## Exercise details
An exact copy of every line from the one holding "GraphicRiver - 25 Different Grid Background" to the end of the entries below is required; leave the pictures out.

####

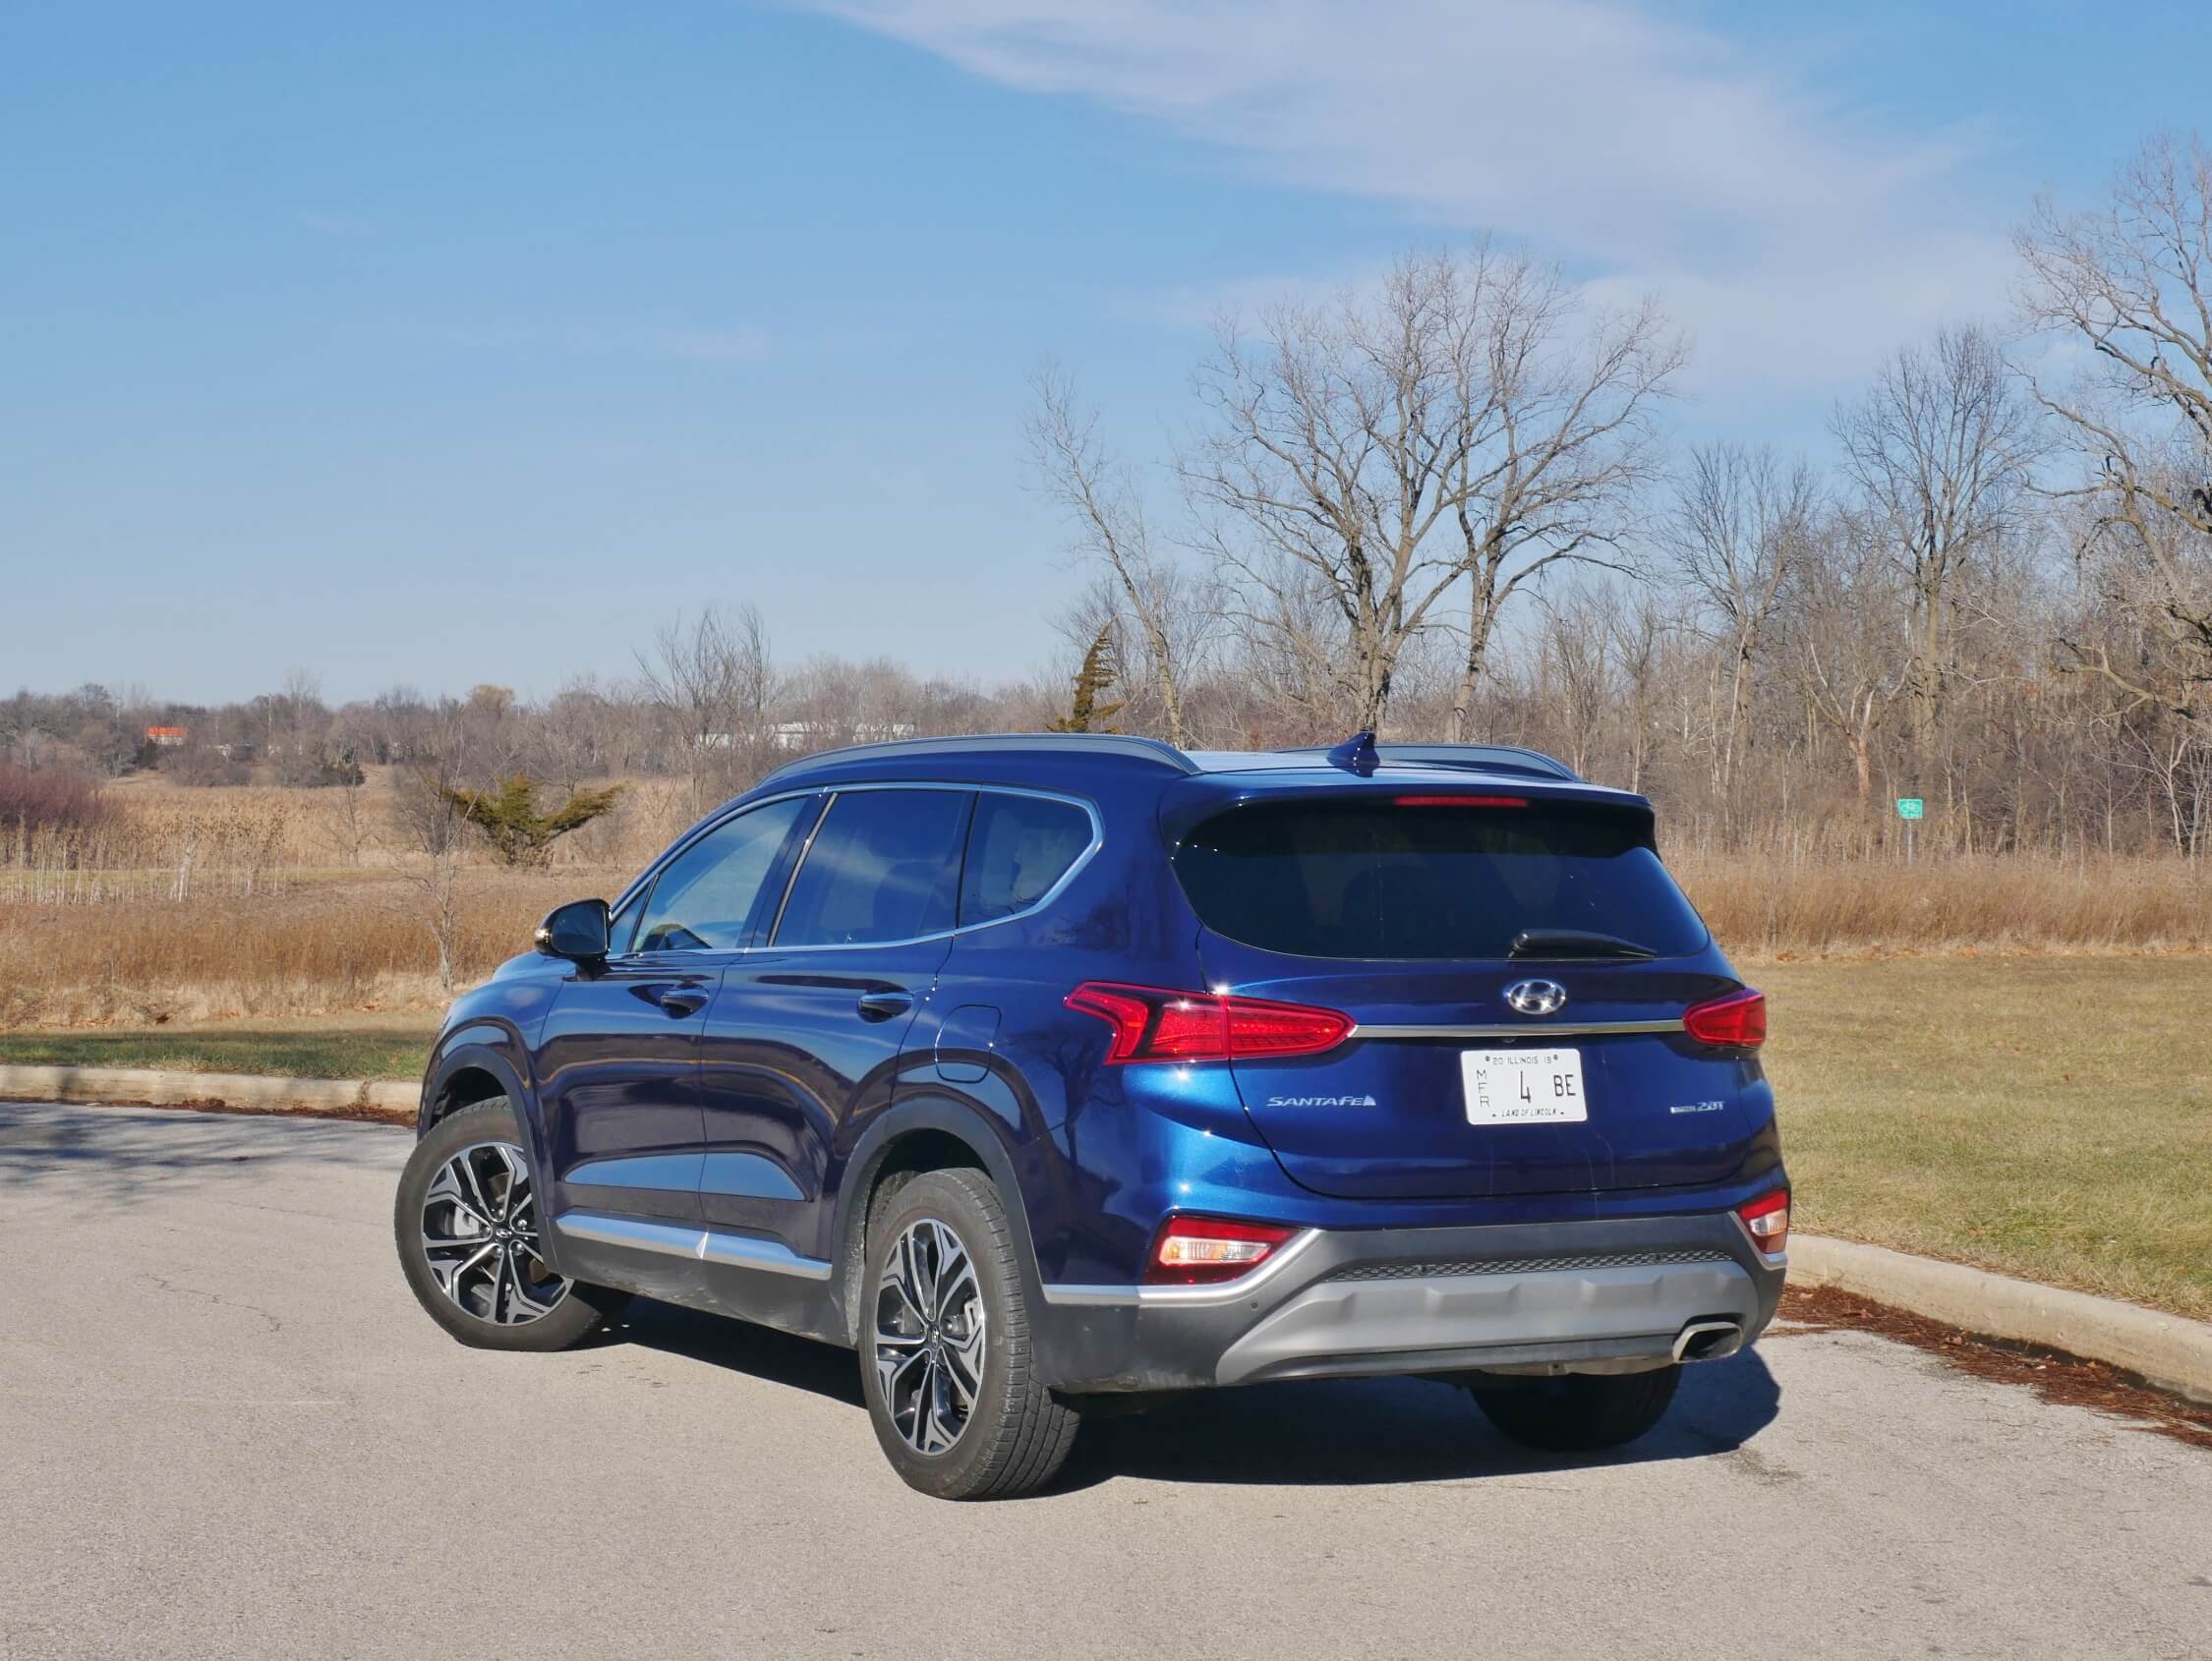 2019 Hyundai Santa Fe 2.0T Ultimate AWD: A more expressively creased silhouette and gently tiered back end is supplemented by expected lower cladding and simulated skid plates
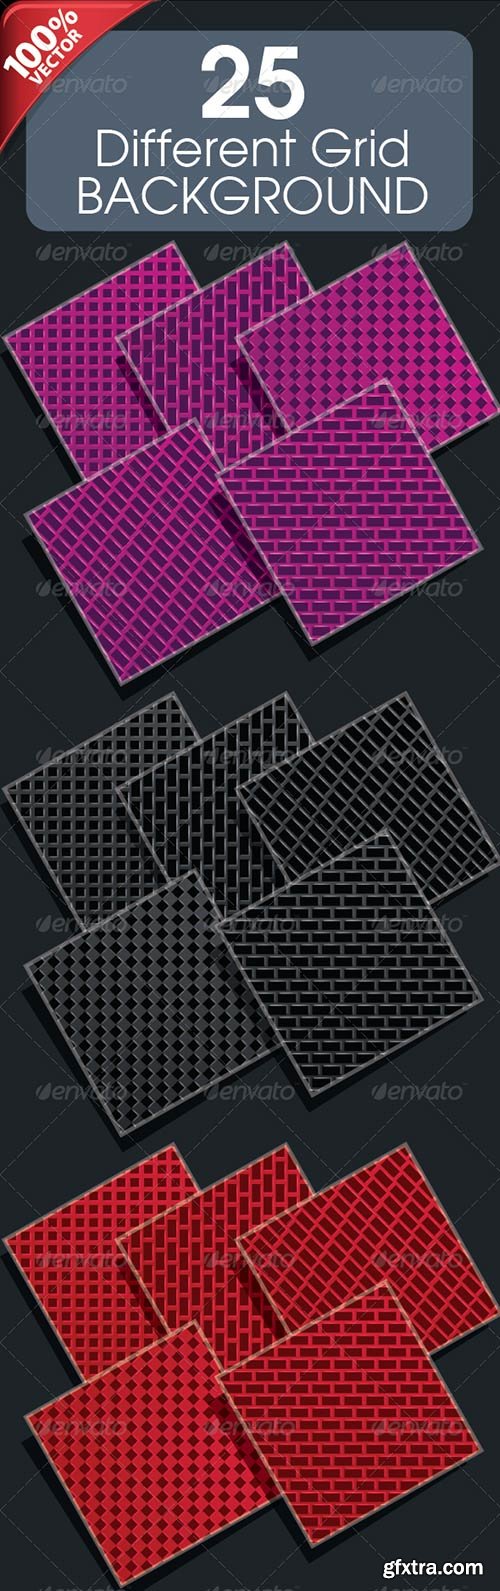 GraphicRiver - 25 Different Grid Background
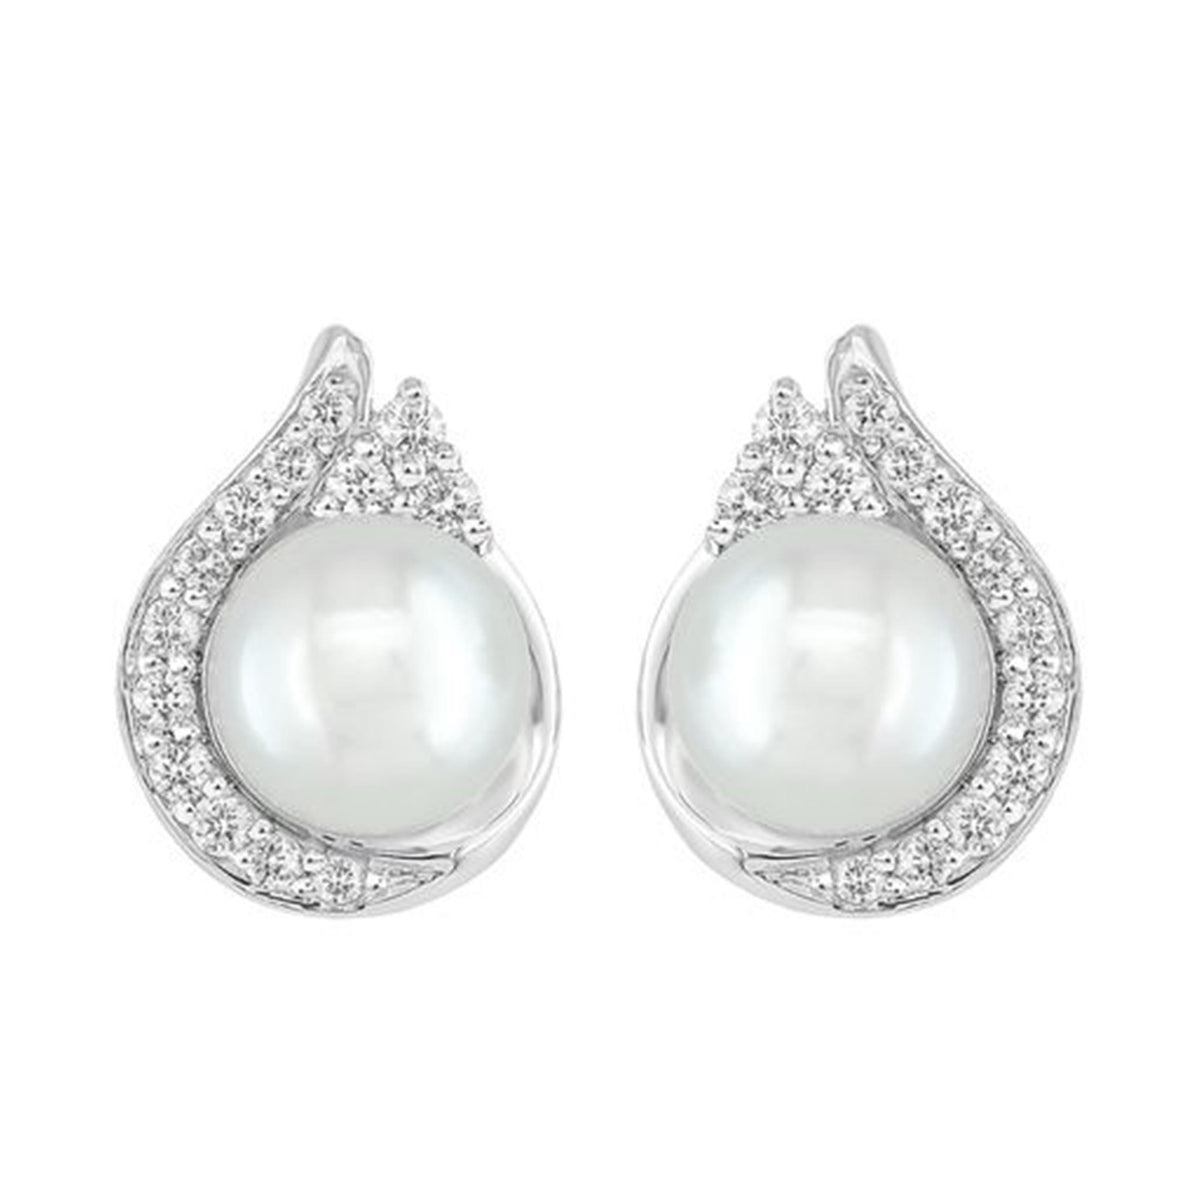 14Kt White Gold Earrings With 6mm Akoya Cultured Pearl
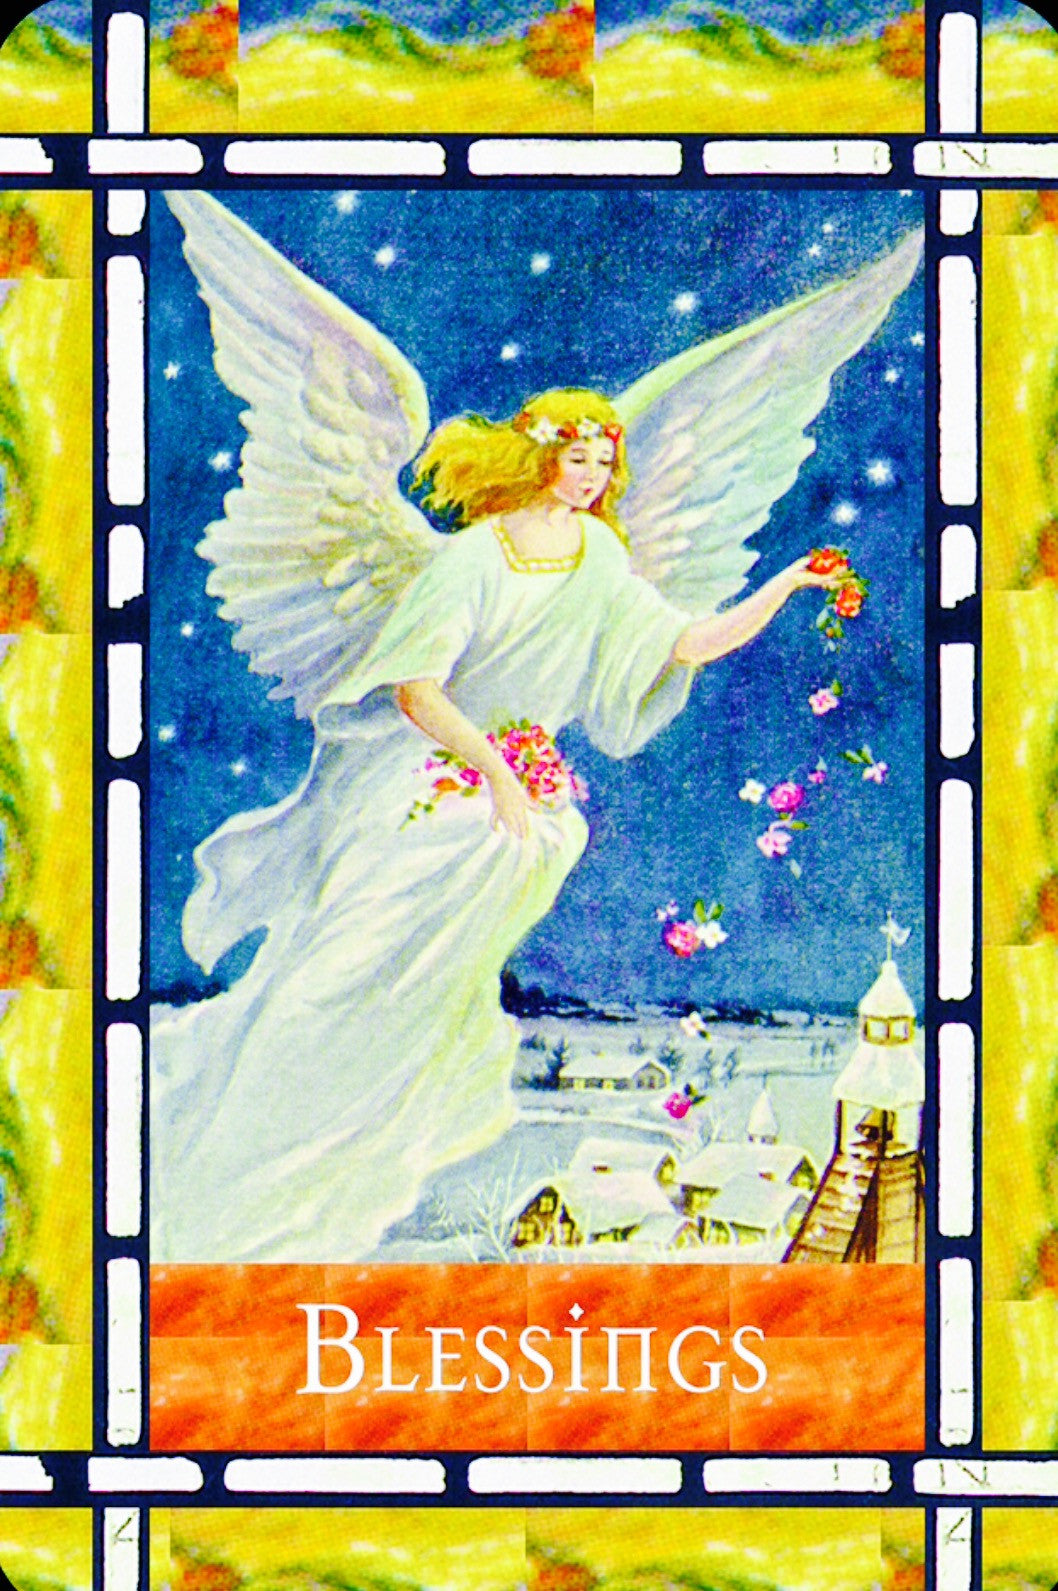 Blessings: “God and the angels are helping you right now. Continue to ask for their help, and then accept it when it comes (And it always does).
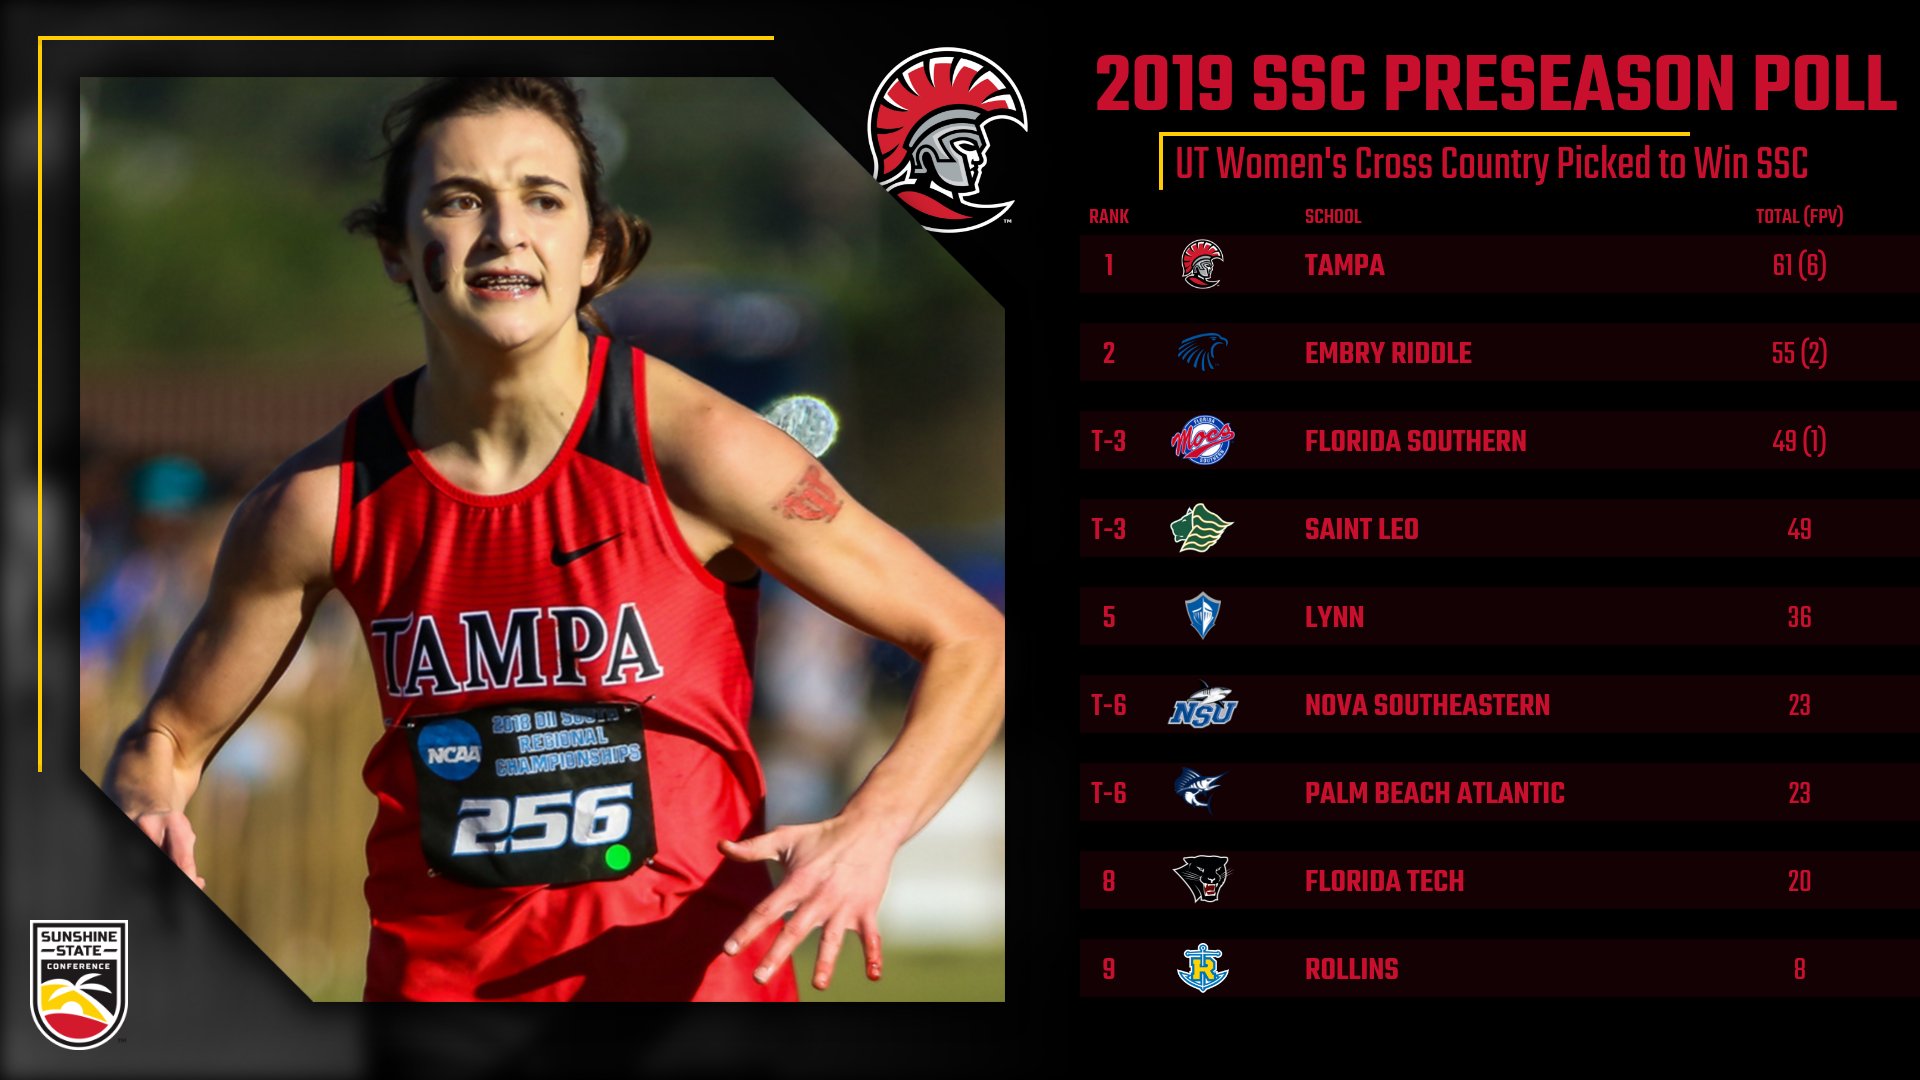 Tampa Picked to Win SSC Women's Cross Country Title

####

## Response to the task
 GraphicRiver - 25 Different Grid Background
 14Kt White Gold Earrings With 6mm Akoya Cultured Pearl
 Blessings: “God and the angels are helping you right now. Continue to ask for their help, and then accept it when it comes (And it always does).
 Tampa Picked to Win SSC Women's Cross Country Title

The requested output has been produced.